Question

The drift speed in a copper wire is $7\times {10}^{-5}\frac{m}{s}$for a typical electron current. Calculate the magnitude of the electric field inside the copper wire. The mobility of mobile electrons in copper is $4.5\times {10}^{-3}\left(\frac{m}{s}\right)/\left(\frac{N}{C}\right)$. (Note that though the electric field in the wire is very small, it is adequate to push a sizable electron current through the copper wire.)

Short answer

The magnitude of the electric field inside the copper wire is $1.556\times {10}^{-8}\frac{N}{C}$.

Step-by-step solution

Given information

The drift speed of electron current in a copper wire is,$v_d=7\times {10}^{-5}\frac{m}{s}$.

The mobility of mobile electrons in copper is, $Mobility=4.5\times {10}^{-3}\frac{\left({\displaystyle \frac{m}{s}}\right)}{\left({\displaystyle \frac{N}{C}}\right)}$.

Determine the Drift speed of electrons

Consider a current is supplied to a conducting material then the current travels in form of free electrons. The speed of free electrons inside a conducting material is described as the drift speed of electrons.

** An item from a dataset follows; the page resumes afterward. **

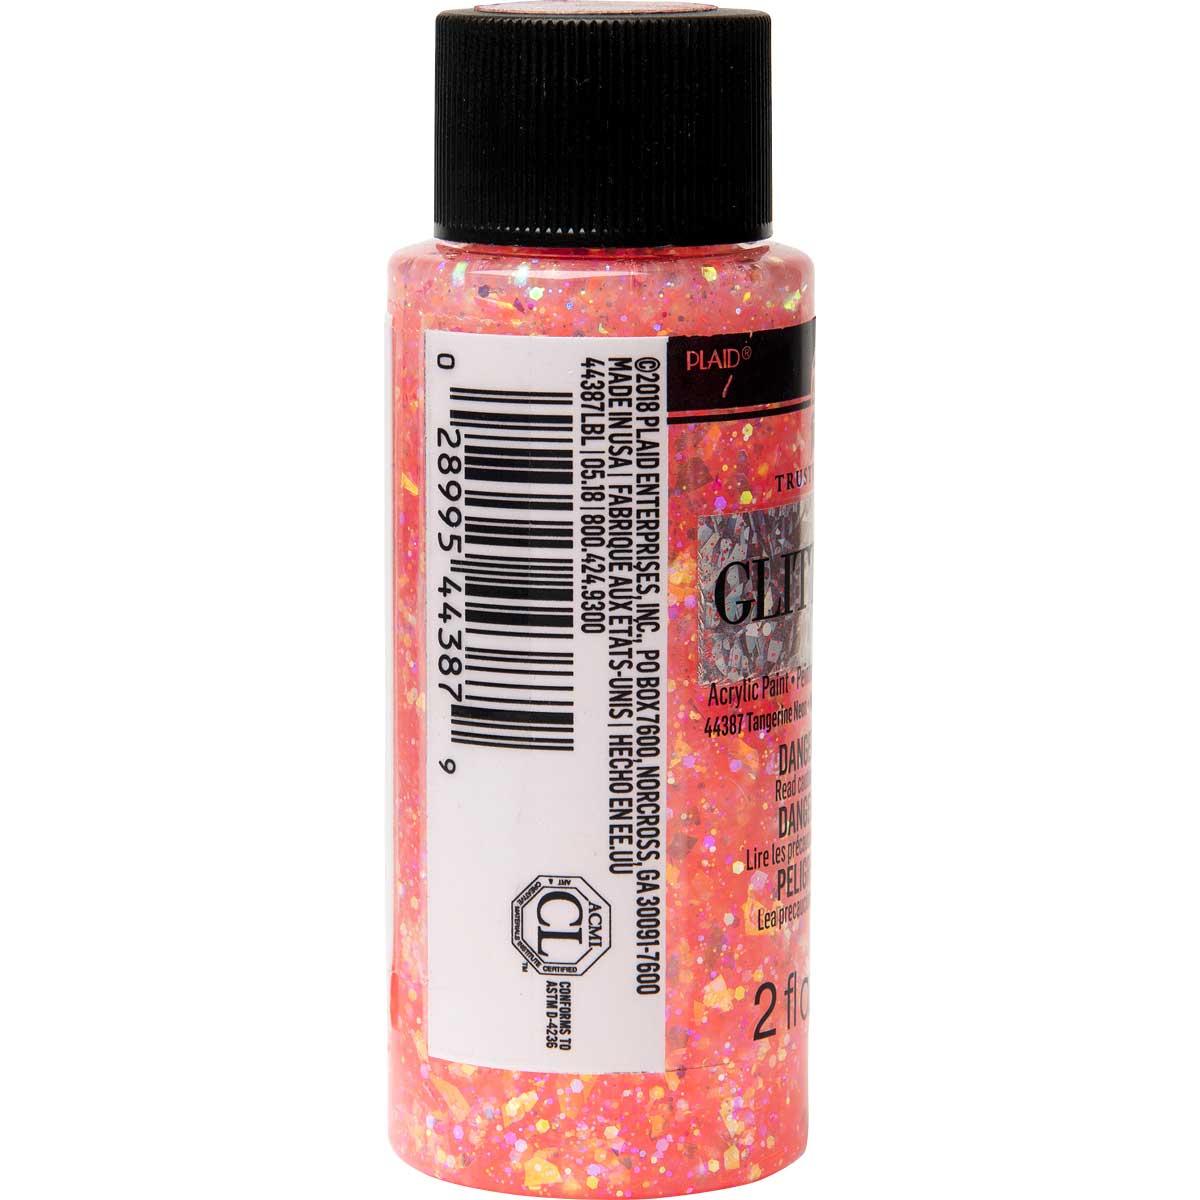 FolkArt ® Glitterific™ Acrylic Paint - Neon Tangerine, 2 oz.

The drift speed of the electrons inside a conducting material relies upon the mobility of the free electrons and the electric field in the conducting material

Determine the magnitude of the electric field

The formula for the mobility of mobile electrons in copper is as follows:

$$\begin{gathered} Mobility=\frac{v_d}{E} \\ E=\frac{v_d}{Mobility} \end{gathered}$$

Substitute the values and solve as:

$$\begin{gathered} E=\frac{7\times {10}^{-5}{\displaystyle \frac{m}{s}}}{4.5\times {10}^{-3}{\displaystyle \frac{\left({\displaystyle \frac{m}{s}}\right)}{\left({\displaystyle \frac{N}{C}}\right)}}} \\ E=1.556\times {10}^{-8}\frac{N}{C} \end{gathered}$$

Hence, the magnitude of the electric field inside the copper wire is$1.556\times {10}^{-8}\frac{N}{C}$$1.556\times {10}^{-8}\frac{N}{C}$.